Metabolic Signatures of Insulin Resistance in 7,098 Young Adults
- Peter Würtz1,2,3⇓,
- Ville-Petteri Mäkinen1,4,5,
- Pasi Soininen1,6,
- Antti J. Kangas1,
- Taru Tukiainen1,2,
- Johannes Kettunen2,7,
- Markku J. Savolainen1,8,
- Tuija Tammelin9,
- Jorma S. Viikari10,
- Tapani Rönnemaa10,
- Mika Kähönen11,
- Terho Lehtimäki12,
- Samuli Ripatti2,7,13,
- Olli T. Raitakari14,15,
- Marjo-Riitta Järvelin3,16,17,18 and
- Mika Ala-Korpela1,6,8⇓
- 1Computational Medicine Research Group, Institute of Clinical Medicine, Biocenter Oulu, University of Oulu, Oulu, Finland
- 2Institute for Molecular Medicine Finland, University of Helsinki, Helsinki, Finland
- 3Department of Epidemiology and Biostatistics, Imperial College London, London, U.K.
- 4Folkhälsan Research Center, University of Helsinki, Helsinki, Finland
- 5Department of Medicine, Helsinki University Central Hospital, Helsinki, Finland
- 6NMR Metabonomics Laboratory, Department of Biosciences, University of Eastern Finland, Kuopio, Finland
- 7Department of Chronic Disease Prevention, National Institute for Health and Welfare, Helsinki, Finland
- 8Department of Internal Medicine, Clinical Research Center, Biocenter Oulu, University of Oulu, Oulu, Finland
- 9LIKES Research Center for Sport and Health Sciences, Jyväskylä, Finland
- 10Department of Medicine, Turku University Hospital, University of Turku, Turku, Finland
- 11Department of Clinical Physiology, Tampere University Hospital, University of Tampere, Tampere, Finland
- 12Department of Clinical Chemistry, Tampere University Hospital, University of Tampere, Tampere, Finland
- 13Wellcome Trust Sanger Institute, Hinxton, U.K.

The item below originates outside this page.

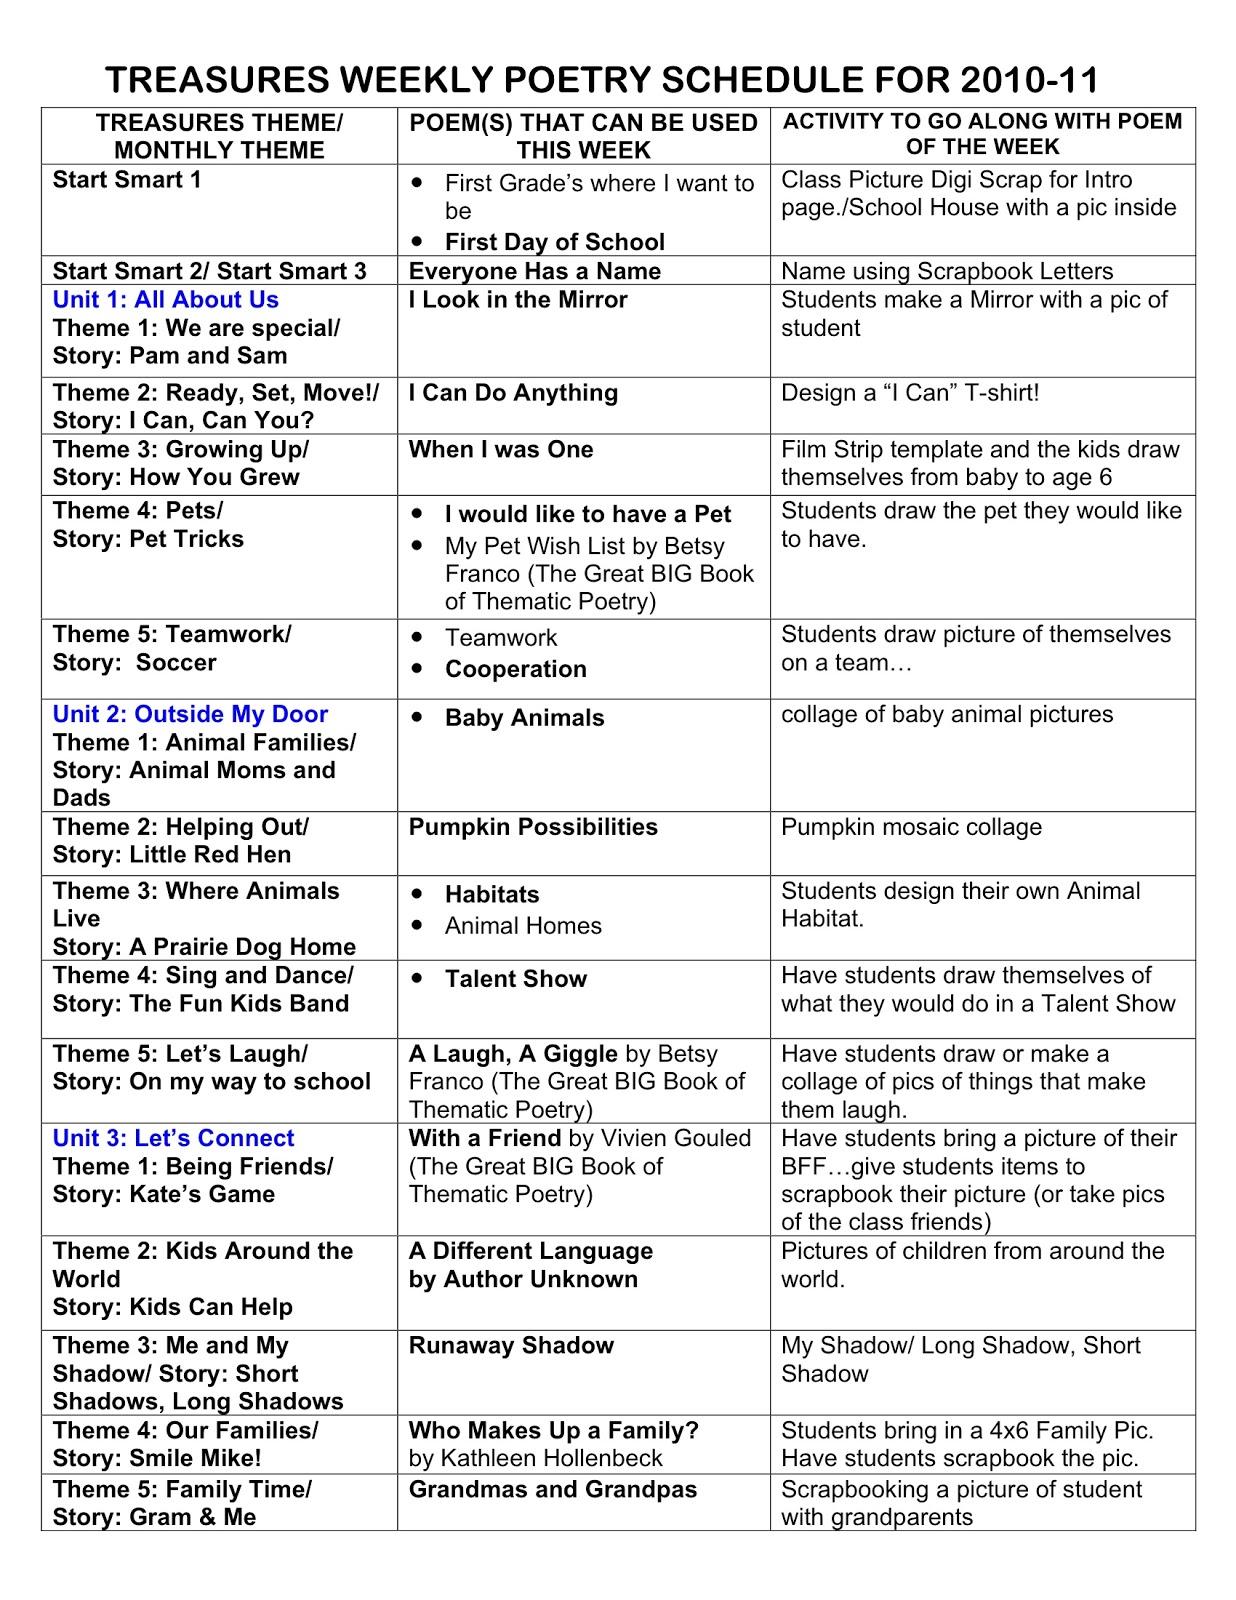 Just 4 Teachers Sharing Across Borders 1st Grade Poems Treasures Weekly Poetry Schedule For

- 14Research Centre of Applied and Preventive Cardiovascular Medicine, University of Turku, Turku, Finland
- 15Department of Clinical Physiology, Turku University Hospital, University of Turku, Turku, Finland
- 16Department of Children, Young People, and Families, National Institute for Health and Welfare, Helsinki, Finland
- 17Institute of Health Sciences, Biocenter Oulu, University of Oulu, Oulu, Finland
- 18Medical Research Council Health Protection Agency, Centre for Environment and Health, Imperial College London, London, U.K.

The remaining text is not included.